Em 1942 imprimiam-se, por edição, 2.700 exemplares; no ano seguinte subiu aos três mil; em 1946 voltou aos dez mil, porque era tempo de pujança do partido, no pós-guerra. Álvaro Cunhal foi preso, acompanharam-no uma série de camaradas, a organização tremeu e o “Avante” deu sinal disso mesmo, baixando a tiragem para os cinco mil. Haveria de subir aos sete mil passados anos, número que se aguentou firme até ao 25 de Abril.
Imprimia-se em tipografias de cidade, e as que funcionavam com mais segurança eram as localizadas em prédios de habitação, de preferência com móveis grandes. O bojo destes permitiria guardar o rolo, as tintas, o papel, os chumbos.
Os chumbos que uma vez viraram soldadinhos falsos. Carlos Brito tratava de transferir uma tipografia clandestina para uma zona mais segura na cidade do Porto. Levava nesse dia uma caixa em madeira, com os chumbos dentro. Pesava que se fartava, a caixa embrulhada com papel de sapataria. Tanto pesava que Brito se fez de coxo. Deixou o táxi e parou numa farmácia, pedindo remédios para a “maleita” que lhe afectava o pé. Sentou-se esperando que lhe aviassem a receita. Apesar dos cuidados extremos, quando se levantou deixou a caixa na cadeira. Senhora solícita tratou de pegar na caixa de sapatos para a entregar ao desditoso “coxo”. É o pegas, que a caixa pesava toneladas!
A senhora fez a pergunta incómoda a Carlos Brito. Afinal, lá dentro não levava sapatos:
“São soldadinhos de chumbo para as crianças, minha senhora!”

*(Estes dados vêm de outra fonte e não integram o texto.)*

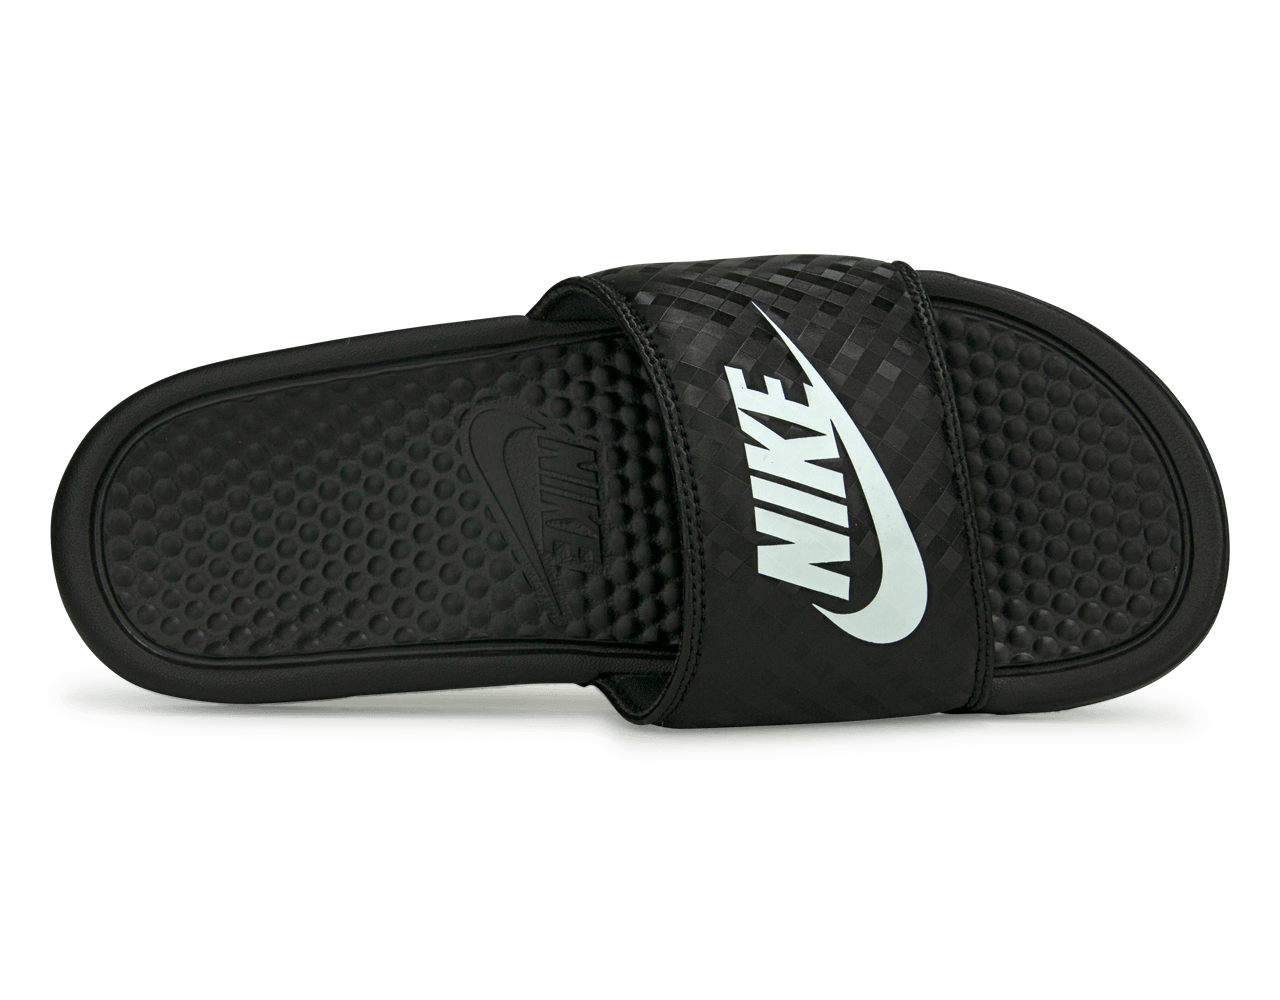 Nike Women's Benassi JDI Sandal Black/White Soleplate

O “Avante” era clandestino, parido por partido clandestino. Outros aproveitavam fissuras legais para editarem textos semi-clandestinos em nome de organizações semi-legais. Aconteceu com o “Boletim da Comissão Nacional de Socorro aos Presos Políticos”. O regime autorizara cidadãos reunidos em socorro de vítimas de catástrofes, haveria maior desdita que a Ideia de Liberdade agrilhoada nas masmorras da PIDE?
Eugénia Varela Gomes, Cecília Feio, Levy Baptista, Nuno Teotónio Pereira e Luís Moita criaram a comissão que aparecia no cabeçalho do boletim, este feito a cheirar ao carbono do stencil albergado em cozinha esconsa de escritório de advogado desactivado, para as bandas de Campo de Ourique.
“Denunciávamos, no boletim, os crimes de guerra praticados pelo exército português, divulgávamos as posições dos movimentos de libertação, estatísticas das baixas dos soldados portugueses, e vituperávamos a solidariedade da Nato e outras organizações para com a política colonial portuguesa” — lembrou Luís Moita.
Decidido pelos membros da Comissão que a guerra colonial era o calcanhar de Marcelo que haveria de pôr o regime a coxear, avançaram para outra publicação: o B.A.C., Boletim anti colonial. O grupo, respaldado por plêiade de católicos “altamente politizados”, sofrendo “enormíssimas influências marxistas”, conseguiu publicar sete números do B.A.C., para logo depois integrarem o contingente dos presos políticos de que a outra publicação tratava. O “Boletim da Comissão Nacional de Socorro aos Presos Políticos” haveria de despedir-se dos leitores já Abril dos cravos ia alto, com notícia requentada da prisão de Luís Moita e companheiros de jornada.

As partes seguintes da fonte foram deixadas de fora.